Two senior Catholic church figures formerly from Wollongong have told the Royal Commission into Institutional Responses to Child Sexual Abuse about their experiences in dealing with the “huge problem” in the diocese in the 1990s.

Appearing during the 16th public hearing on abuse within the Catholic church, long time director of Wollongong’s Catholic welfare agency, Kath McCormack this week spoke about her experiences working with survivors and victims of child sexual assault.

Likewise, Archbishop of Adelaide Philip Wilson, who was the Bishop of Wollongong between 1997 and 2000, described how he and Ms McCormack organised a meeting to hear from victims of child sexual abuse.

Between 1993 and 1996, the Diocese had come under public criticism for its response to child sexual abuse, both from the Illawarra Mercury and in the Wood Royal Commission.

In 1997, then priest John Gerard Nestor was convicted and then acquitted of sexually assaulting a 15-year-old alter boy in Wollongong. After he was acquitted, complaints against Nestor’s conduct in regards to children continued to be made and he was laicised – or removed from the clergy – in 2008.

“I had the good fortune, when I went to Wollongong and walked straight into a huge problem in this area, to be able to work with Kath McCormack, who at that stage was the head of Catholic Welfare in Wollongong,” Archbishop Wilson told the commission.

“In that process, she organised with me a meeting that we held quietly, so that all the victims - all the people who were survivors were able to come and talk and share with me.

“That happened on one Saturday afternoon and lasted several hours.”

In her testimony, Ms McCormack said a “professional standards resource group” set up at the time “worked extremely well” thanks to lay people – like psychologists, lawyers and community service workers – who “really helped the bishop to make good decisions and really make sure that the victims and survivors were supported”.

She also credited women within the Wollongong diocese for “doing all the work around child protection”.

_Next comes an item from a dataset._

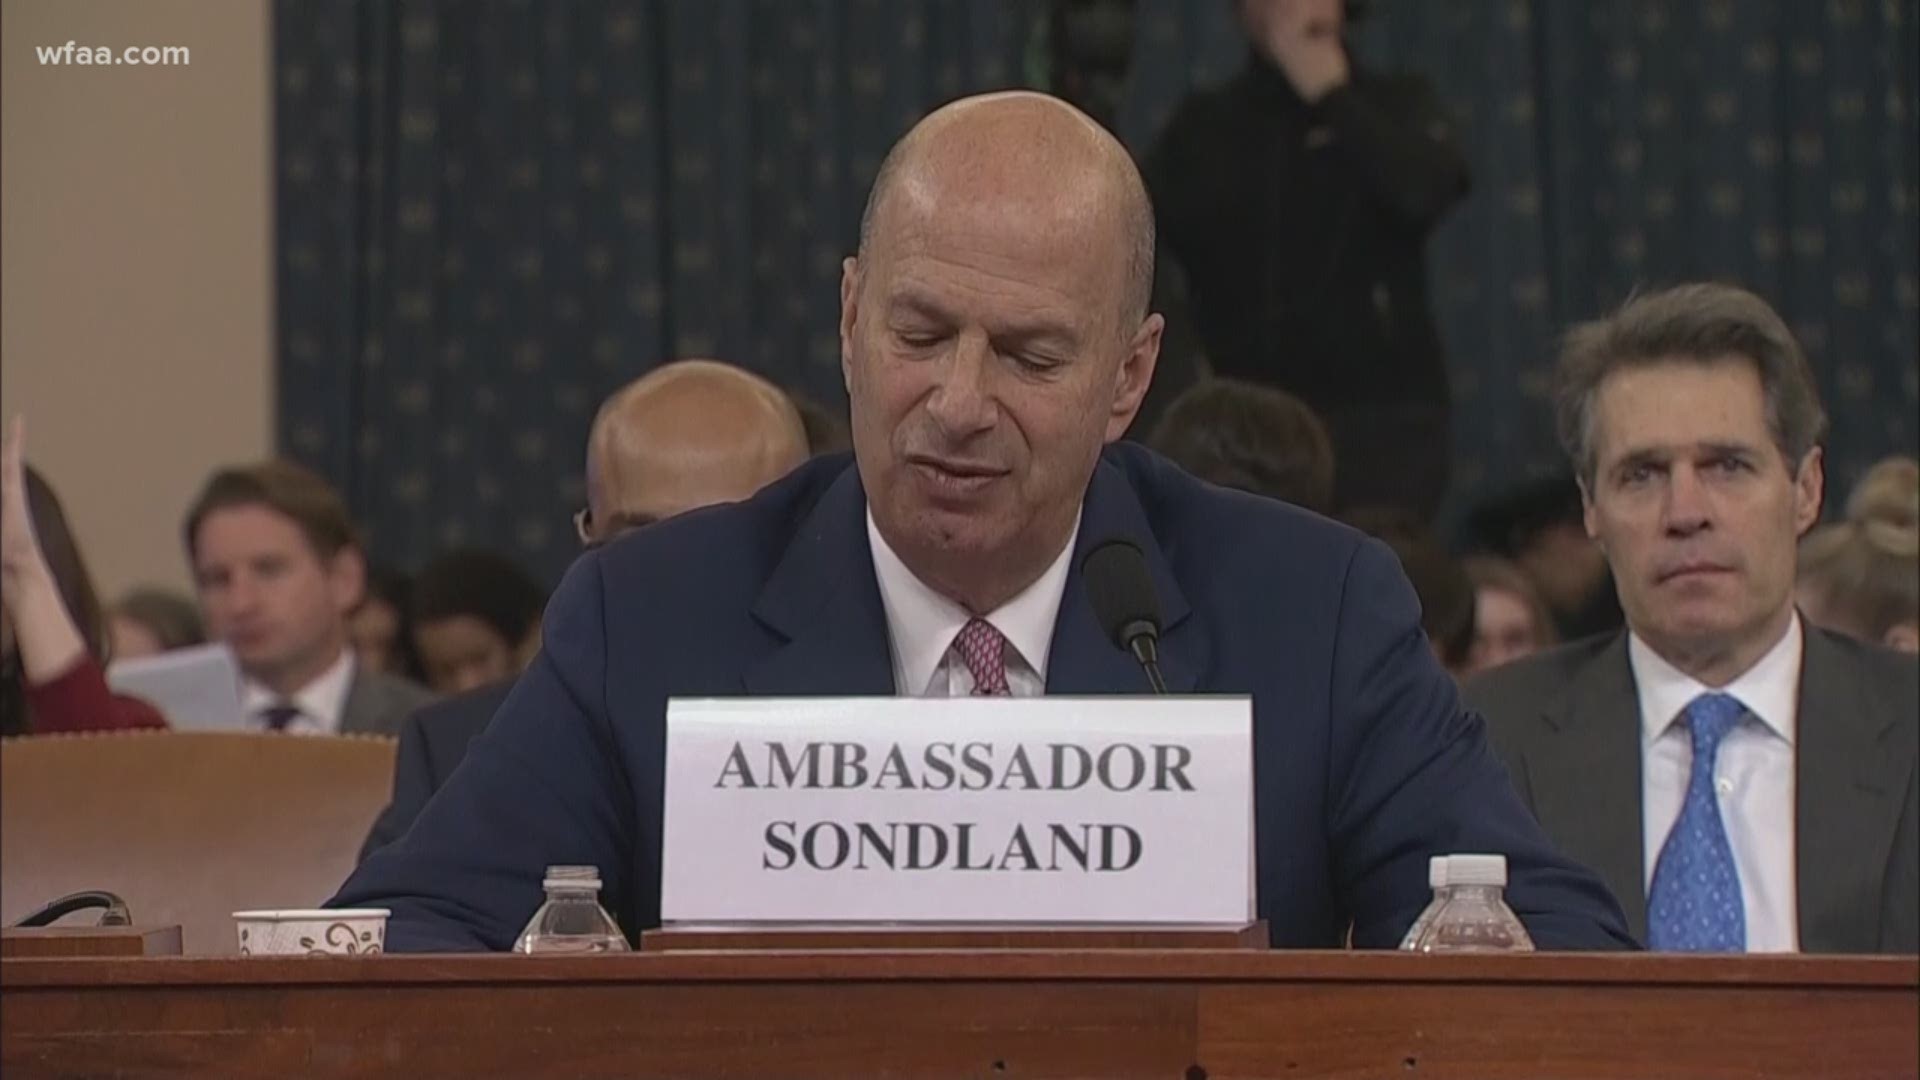 Sondland is one of the most anticipated witnesses in the House impeachment inquiry.

Ms McCormack criticised bishops’ management of priests as being “soft-handed”, saying their pastoral approach was all about forgiveness.

“They’re not dealing with the issue. The recipient is just continuing that behaviour,” she said.

“One of my experiences is that with working with the bishops, I've been able to enable them to take some responsibility for what has happened and they've really learnt about sexual abuse of children, et cetera, but it has been the clergy who have not come with them.

“And even to this day, there would still be some priests who would not agree with what the bishop is trying to do for the care and protection in their diocese.”